接facebook广告_Facebook广告分析

接facebook广告

Is our company’s Facebook advertising even worth the effort?

我们公司的Facebook广告是否值得努力?

题: (QUESTION:)

A company would like to know if their advertising is effective. Before you start, yes…. Facebook does have analytics for users who actually utilize their advertising platform. Our customer does not. Their “advertisements” are posts on their feed and are not marketed by Facebook.

公司想知道他们的广告是否有效。 开始之前,是的。 Facebook确实为实际使用其广告平台的用户提供了分析。 我们的客户没有。 他们的“广告”是他们的供稿上的帖子,并不由Facebook进行营销。

数据: (DATA:)

Data is from the client’s POS system and their Facebook feed.

数据来自客户的POS系统及其Facebook提要。

模型: (MODEL:)

KISS. A simple linear model will suffice.

吻。 一个简单的线性模型就足够了。

First, we need to obtain our data.

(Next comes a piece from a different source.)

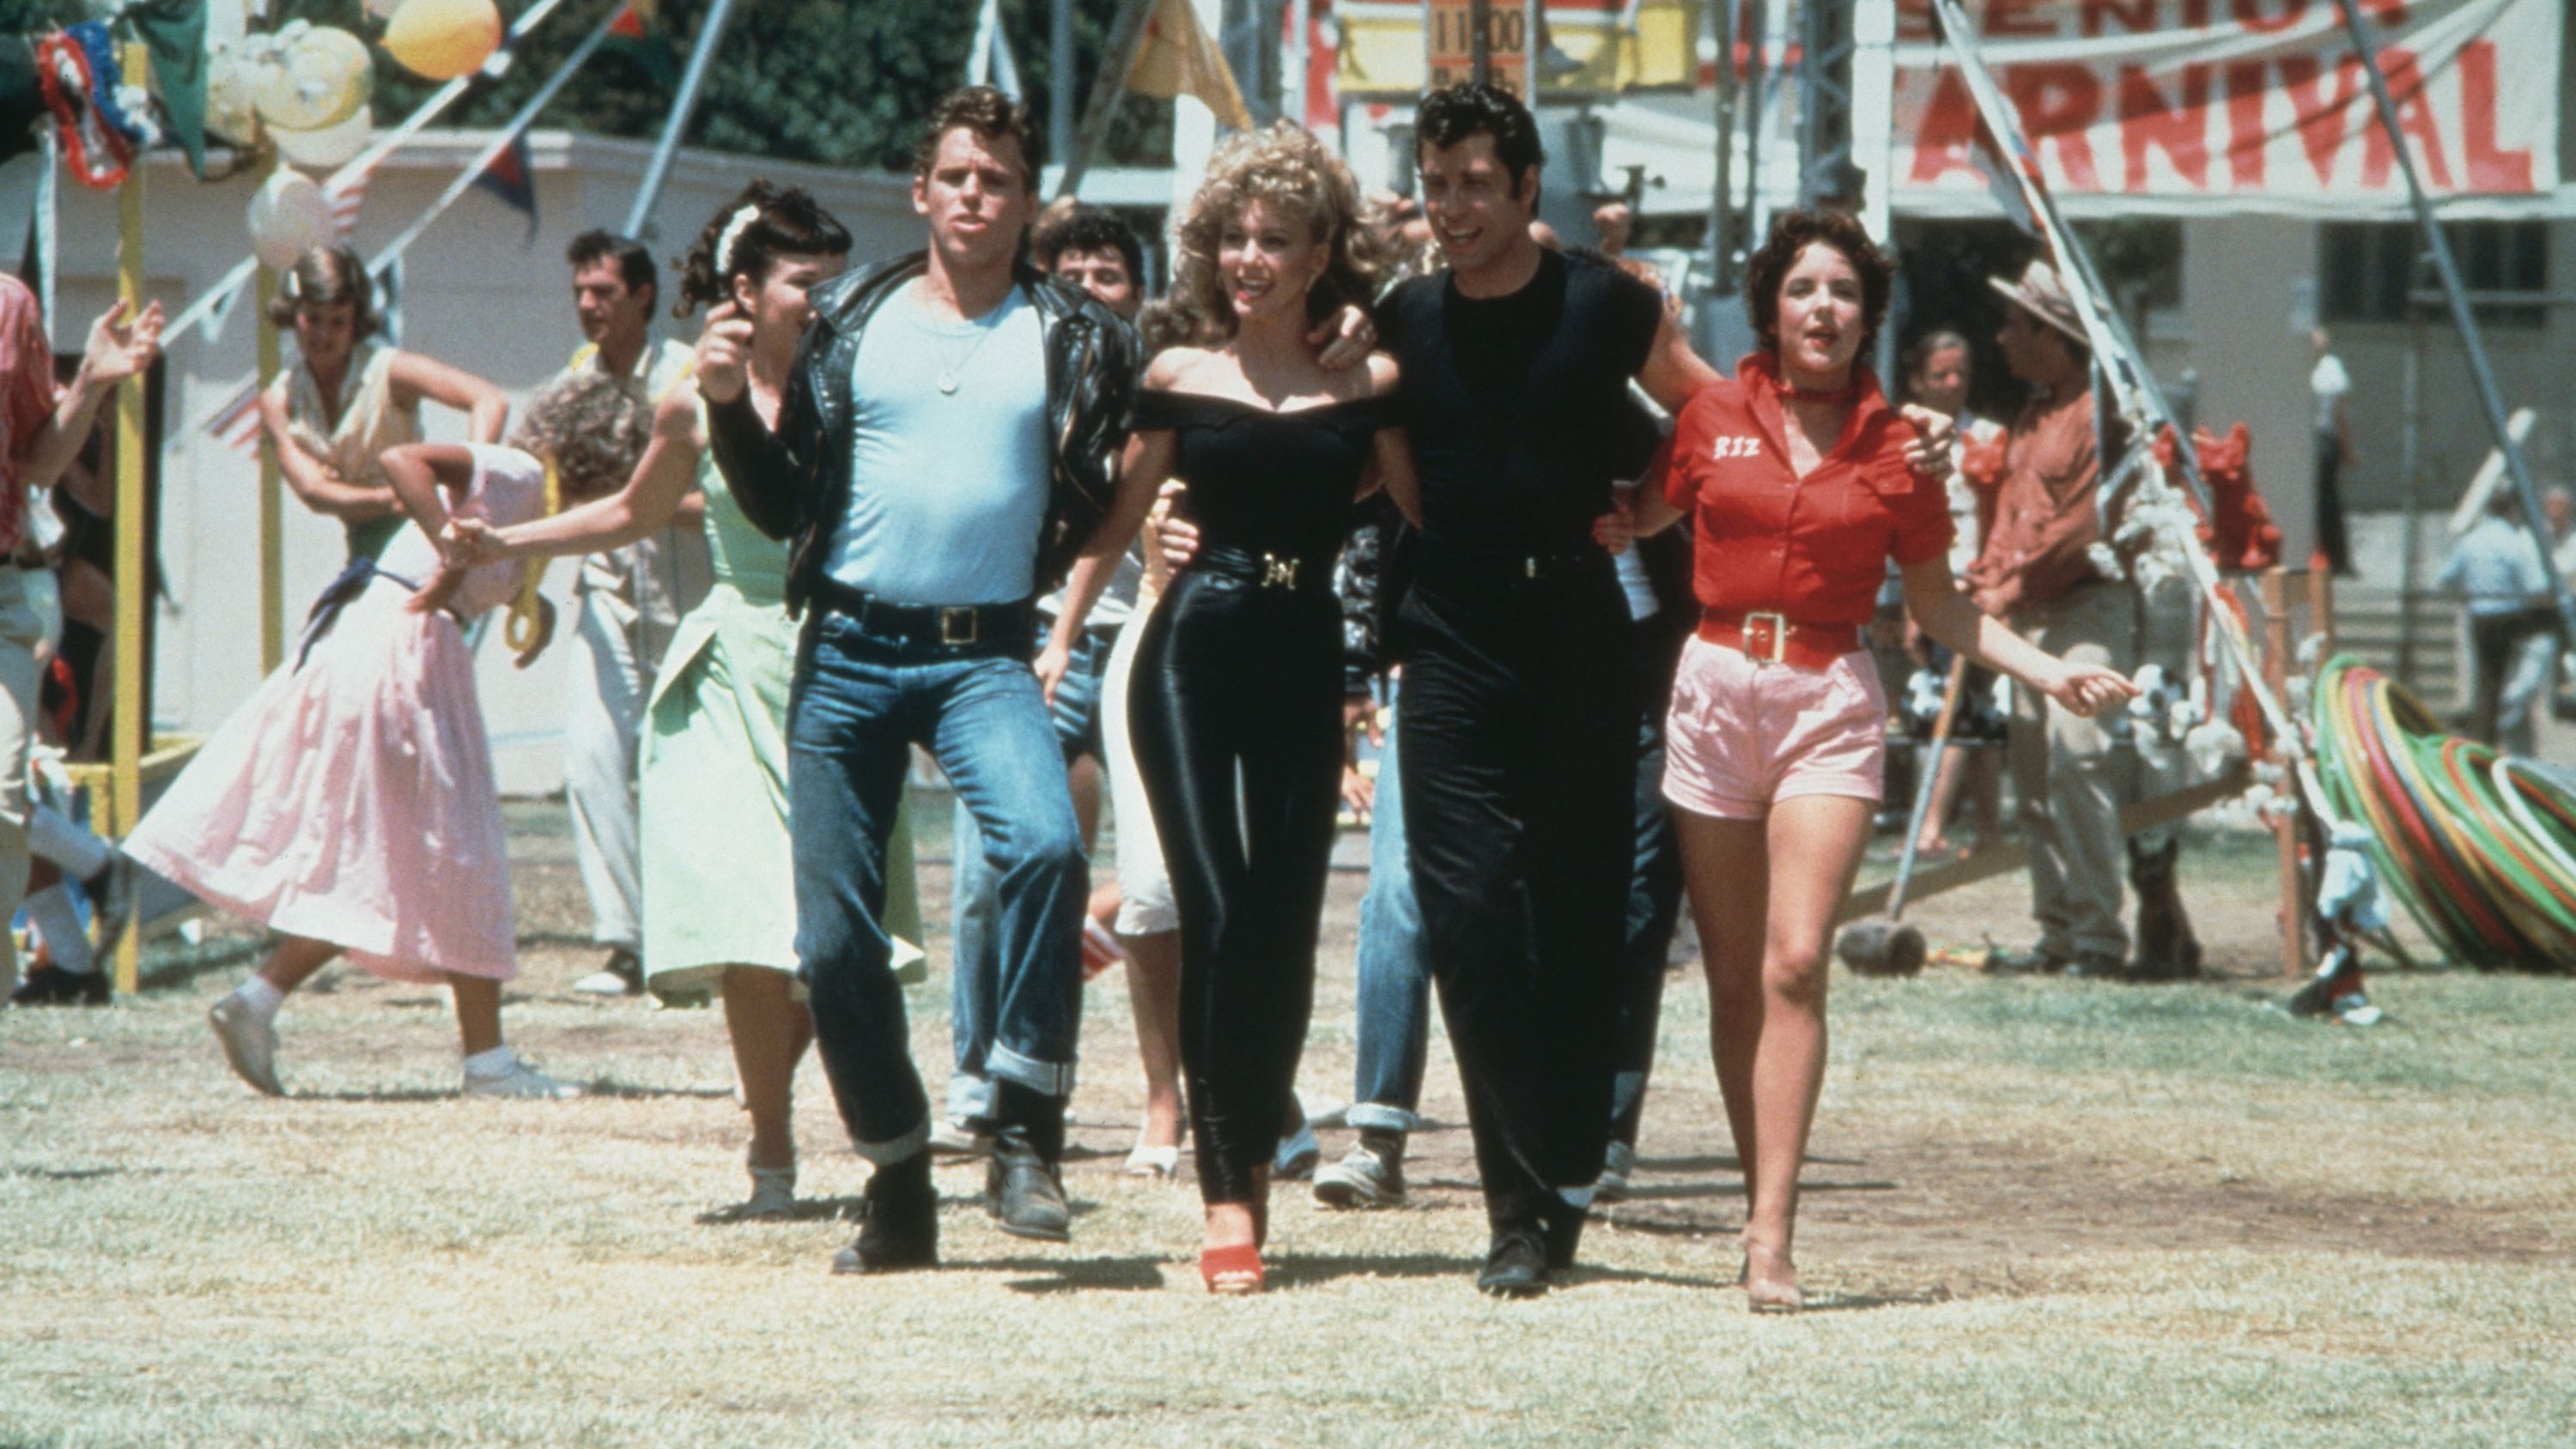 <strong>"Grease" (1978):</strong> Danny (John Travolta) and Sandy (Olivia Newton-John) come from very different backgrounds, but they enjoyed a summer romance before being reunited unexpectedly at school, singing the duet "Summer Nights," where they share very different memories about the romance quotient of what transpired between them. Of course, the complications, breakup and making up follow, but oh, those summer ni-ights.<br />

We can use a nice Facebook scraper to scrape the last posts in a usable format.

首先,我们需要获取数据。 我们可以使用一个不错的Facebook抓取工具以可用的格式抓取最后的帖子。

#install & load scraper !pip install facebook_scraper from facebook_scraper import get_posts import pandas as pd

Lets first scrape the posts from the first 200 posts of their Facebook page.

首先让我们从其Facebook页面的前200个帖子中抓取这些帖子。

#scrape post_list = [] for post in get_posts('clients_facebook_page', pages=200): post_list.append(post)#View the data print(post_list[0].keys()) print("Number of Posts: {}".format(len(post_list)))## dict_keys(['post_id', 'text', 'post_text', 'shared_text', 'time', 'image', 'video', 'video_thumbnail', 'likes', 'comments', 'shares', 'post_url', 'link']) ## Number of Posts: 38

Lets clean up the list, keeping only Time, Image, Likes, Comments, Shares.

让我们清理列表,仅保留时间,图像,顶,评论,共享。

post_list_cleaned = [] for post in post_list: #create a list of indexes to keep temp = [] indexes_to_keep = ['time', 'image', 'likes', 'comments', 'shares'] for key in indexes_to_keep: temp.append(post[key]) post_list_cleaned.append(temp) #Remove image hyperlink, replace with 0, 1 & recast date for post in post_list_cleaned: if post[1] == None: post[1] = 0 else: post[1] = 1 post[0] = post[0].date

We now need to combine the Facebook data with data from the company’s POS system.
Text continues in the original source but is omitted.